Но король мог не быть доволен исходом сеймовых совещаний, так как не все послы выразили свое согласие на установление вышеозначенных налогов: послы воеводств краковского, сандомирского и серадзского заявили, что они не уполномочены одобрить налоги в таких размерах[235]; противилась налогам и Пруссия также[236]. Эта оппозиция являлась немалою помехою для Батория: он не мог сразу решиться, что ему делать, начинать ли войну или мириться с Иоанном[237]. Приходилось созывать сеймики в упорствовавших воеводствах, чтобы убедить шляхту в неотложной необходимости расходов, определенных на сейме, приходилось тратить попусту драгоценное время. Противники Батория, желая возбудить против него общественное мнение, распускали о нем нелепые слухи: говорили, что он намеревается уехать в Венгрию, оставив в Польше губернаторами Замойского и белзского воеводу Андрея Тенчинского[238]. Эти слухи могли казаться основательными, так как король по окончании сейма отправился из Варшавы (14-го апреля)[239] не в Литву, не к границам Ливонии, как можно было бы предполагать ввиду предстоявшей войны с Иоанном Грозным, а во Львов, к границам Венгрии. Кажущаяся основательность слухов производила, конечно, влияние на общественное мнение, возбуждала недоверие к Баторию и усиливала среди шляхетского сословия оппозицию. Король и Замойский старались подавить ее, изображая громадность опасности, угрожающей Речи Посполитой со стороны Москвы. Если восточный враг овладеет одной, двумя гаванями на Балтийском море, он приобретет постепенно господство над всем морем; тогда Данциг потеряет все свое значение для Речи Посполитой, что самым пагубным образом подействует на ее благосостояние. Решается притом судьба не одной Ливонии, но Курляндии и Пруссии и наконец самой Литвы: мало того, гибель грозит всей Речи Посполитой. если граждане ее не будут действовать единодушно[240].

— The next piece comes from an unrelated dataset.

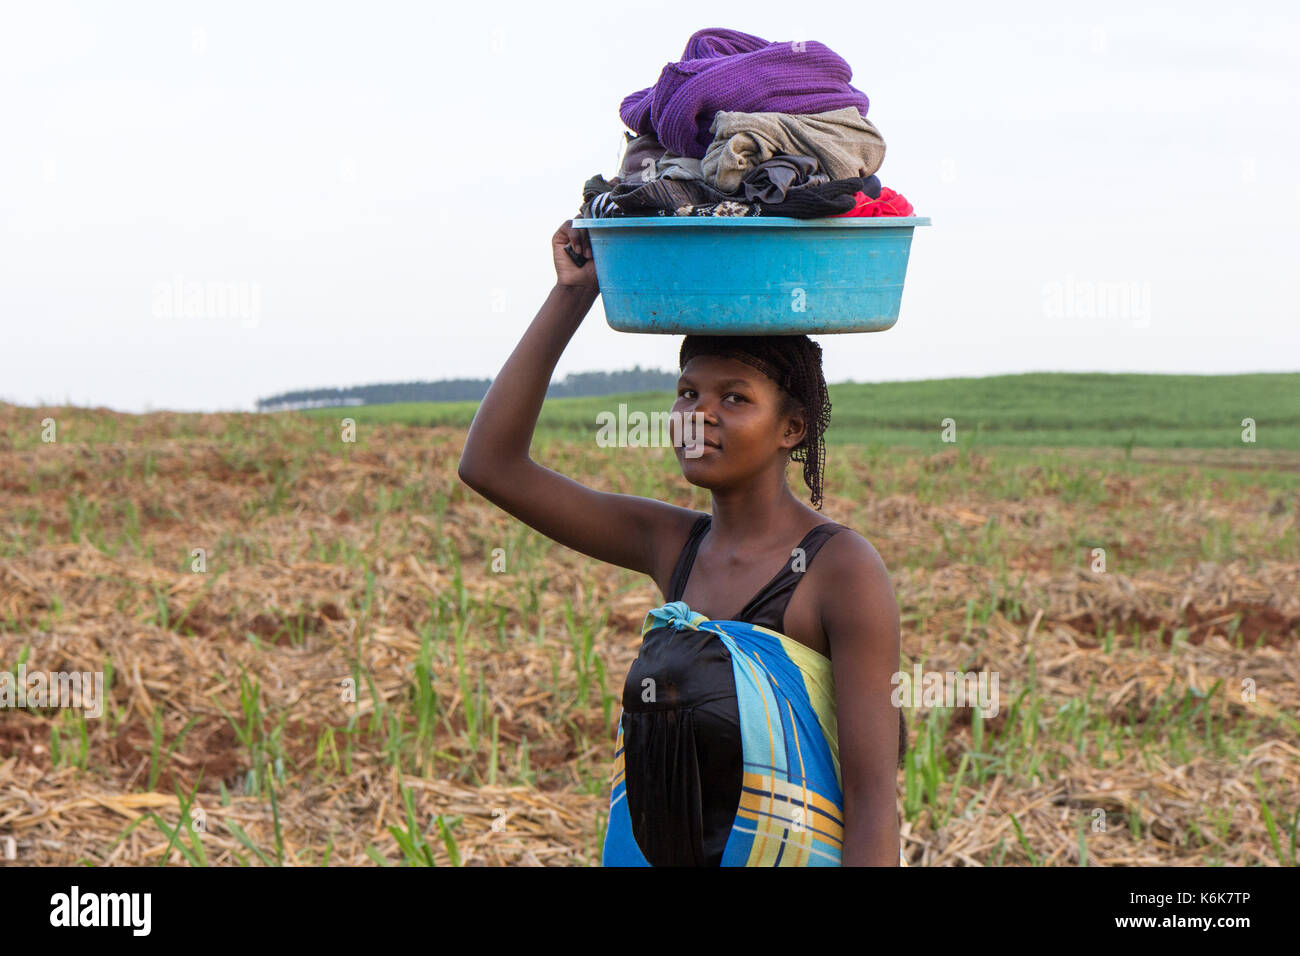 A young African woman carrying a wash basin full of laundry on her head through a field. Stock Photo

Это воззвание подействовало на шляхту серадзского воеводства. На пути во Львов Баторий узнал, что она согласилась на постановления сейма относительно налогов, но два другие воеводства, подстрекаемые вожаками оппозиции, продолжали упорствовать. Чтобы сломить противодействие, король по пути во Львов заехал в Сандомир и пригласил к себе некоторых местных вельмож, чтобы словом повлиять на них, но они медлили приездом[241].

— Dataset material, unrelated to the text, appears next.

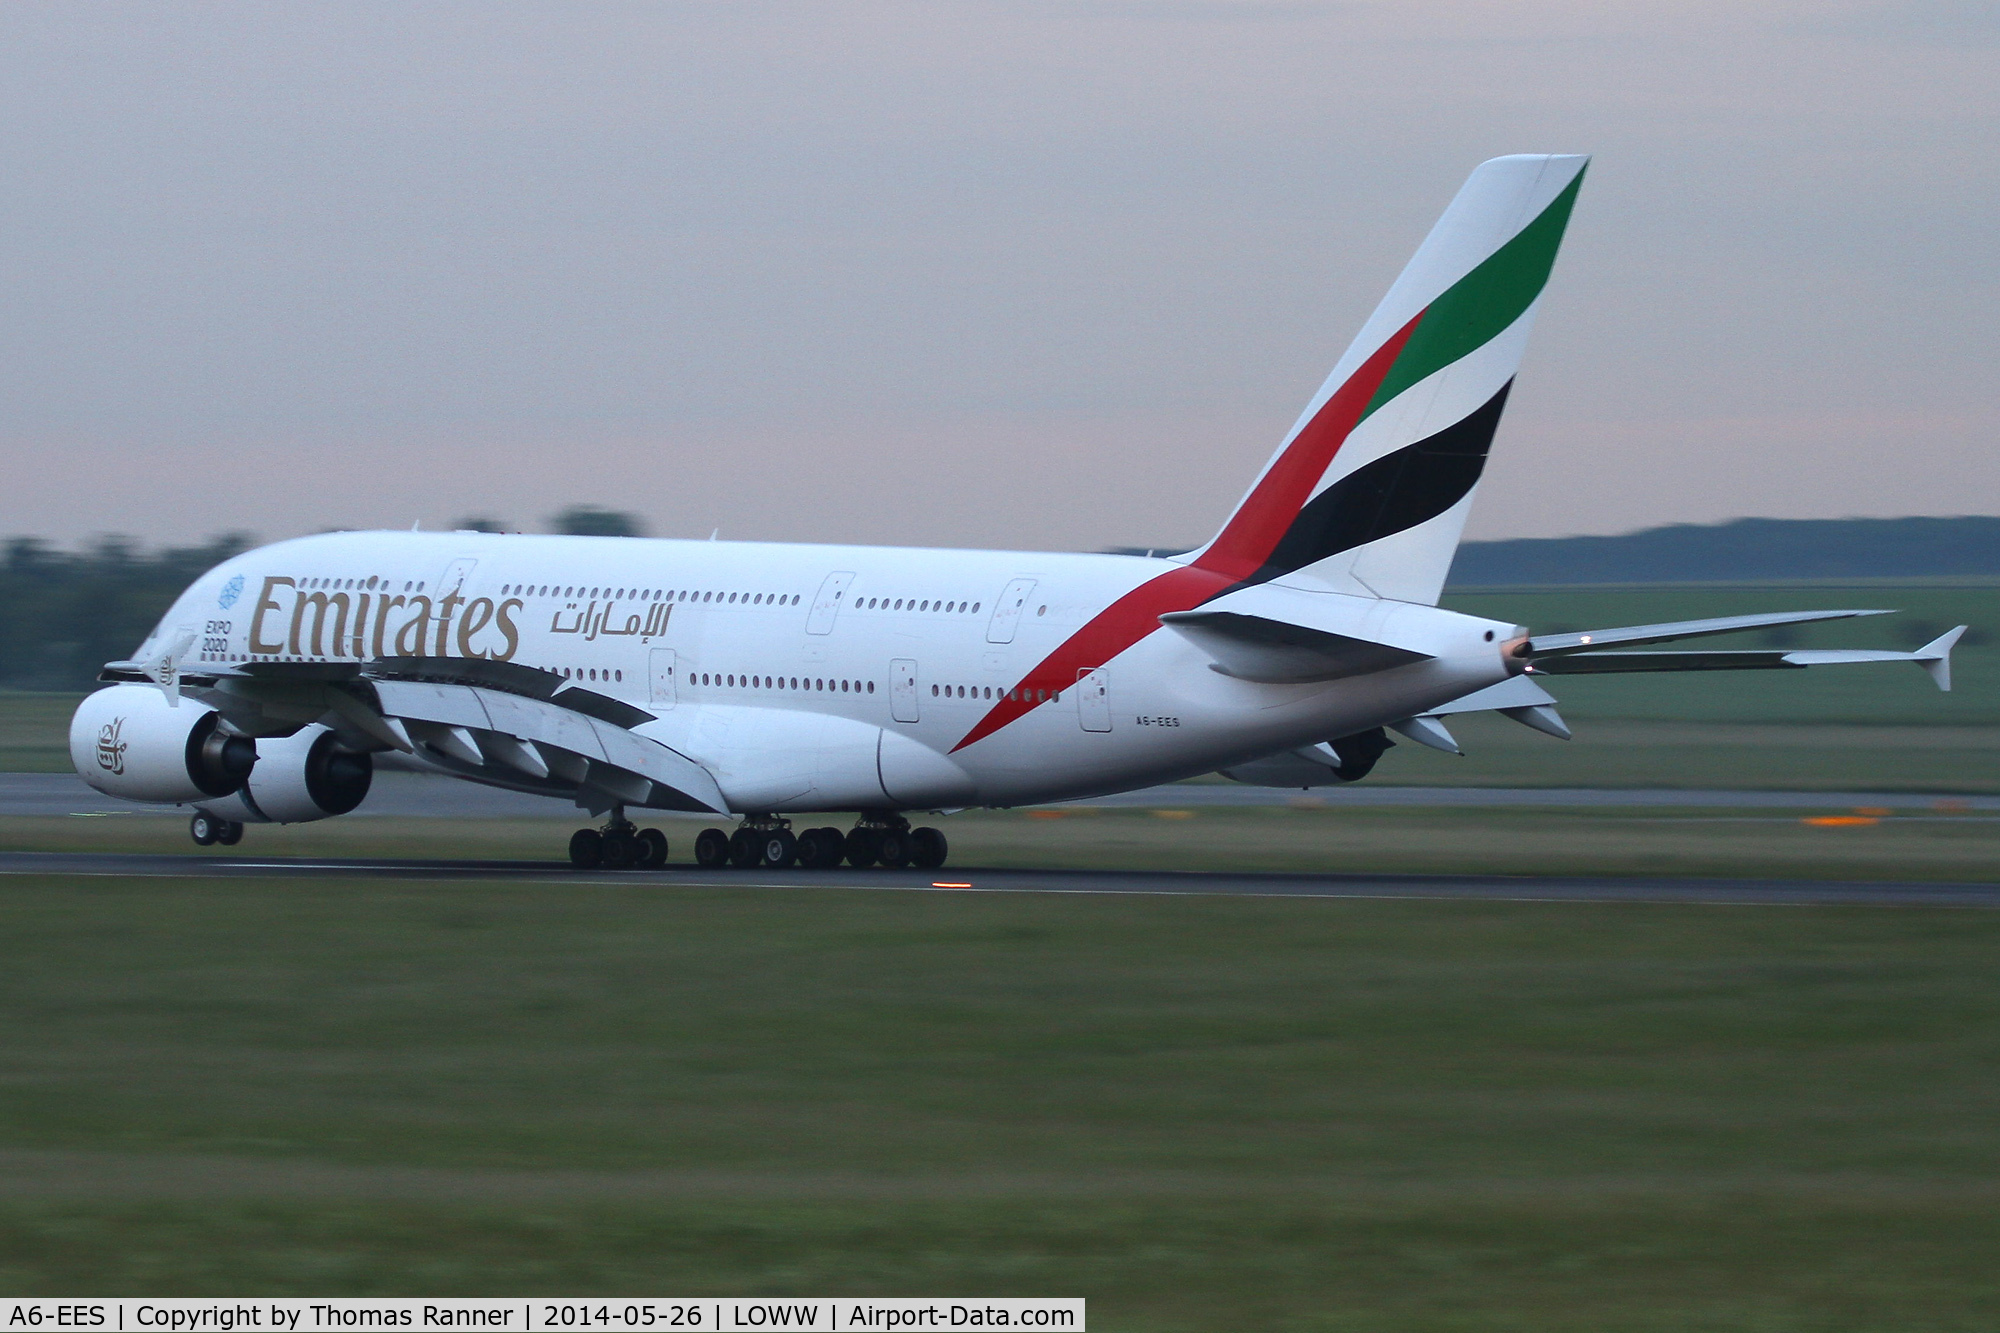 A6-EES, 2013 Airbus A380-861 C/N 140, Emirates A380

Сеймики краковского и сендомирского воеводства разрешали королю взимать налоги только в размерах, установленных в 1565 году, т. е. поземельную подать по 20 грошей с лана и акцизный сбор (чоповое) с освобождением от него городов и шляхетских деревень. Шляхта заявляла, что, соглашаясь на эти налоги, она производит насилие над собою и своими крепостными крестьянами, поступает вопреки своим правам и вольностям и желает, чтобы установленные налоги обращены были на военные нужды. Шляхта выражала недвусмысленно подозрение, что король на иные цели употребит полученные от нее доходы. Краковское воеводство давало королю обещание увеличить налоги до нормы, принятой в остальных воеводствах, когда король на самом деле начнет войну, а сандомирская шляхта заявляла лишь готовность выступить посполитым рушеньем против врага, если король откажется принять те налоги, которые оно ему предлагало[242]. Подобное решение сеймиков не могло понравиться королю, ибо противодействие двух воеводств могло оказаться делом опасным, подавая заразительный пример другим воеводствам[243]. Вследствие этого надо было настаивать на том, чтобы и упорствующие воеводства пришли к решению, принятому на сейме. С этой целью Баторий созвал сеймик, общий для этих воеводств, в Новый Корчив, в надежде на то, что он своего добьется, хотя ему, прежде всего вождю, любившему действовать энергично и быстро, сеймиковые совещания весьма и весьма не нравились[244].

Король вместе со своим помощником Замойским еще раз изобразил перед шляхтою самыми мрачными красками опасности, угрожающие Речи Посполитой, стараясь таким образом подействовать на ее патриотизм. Он повторял опять, что грозит гибель Речи Посполитой; а если она погибнет, шляхту, ее жен и детей ожидают всякого рода жестокости, которые будет совершать враг над своими жертвами, ожидают — еще хуже рабства — позор, поругание и посмешище у других народов[245].

Надежды короля не осуществились. Новокорчинский сеймик пришел к такому же почти решению, как и воеводские сеймики: уступки, сделанные королю, были самые незначительные. Малопольскую шляхту возбуждали против Батория главные его противники Зборовские, недовольные тем, что лишились при дворе всякого влияния; к ним присоединился и известный предводитель шляхты Шафранец[246]. В Польше начиналась политическая борьба, виновниками которой были Зборовские, борьба, которая в последующее время вызвала немало замешательств.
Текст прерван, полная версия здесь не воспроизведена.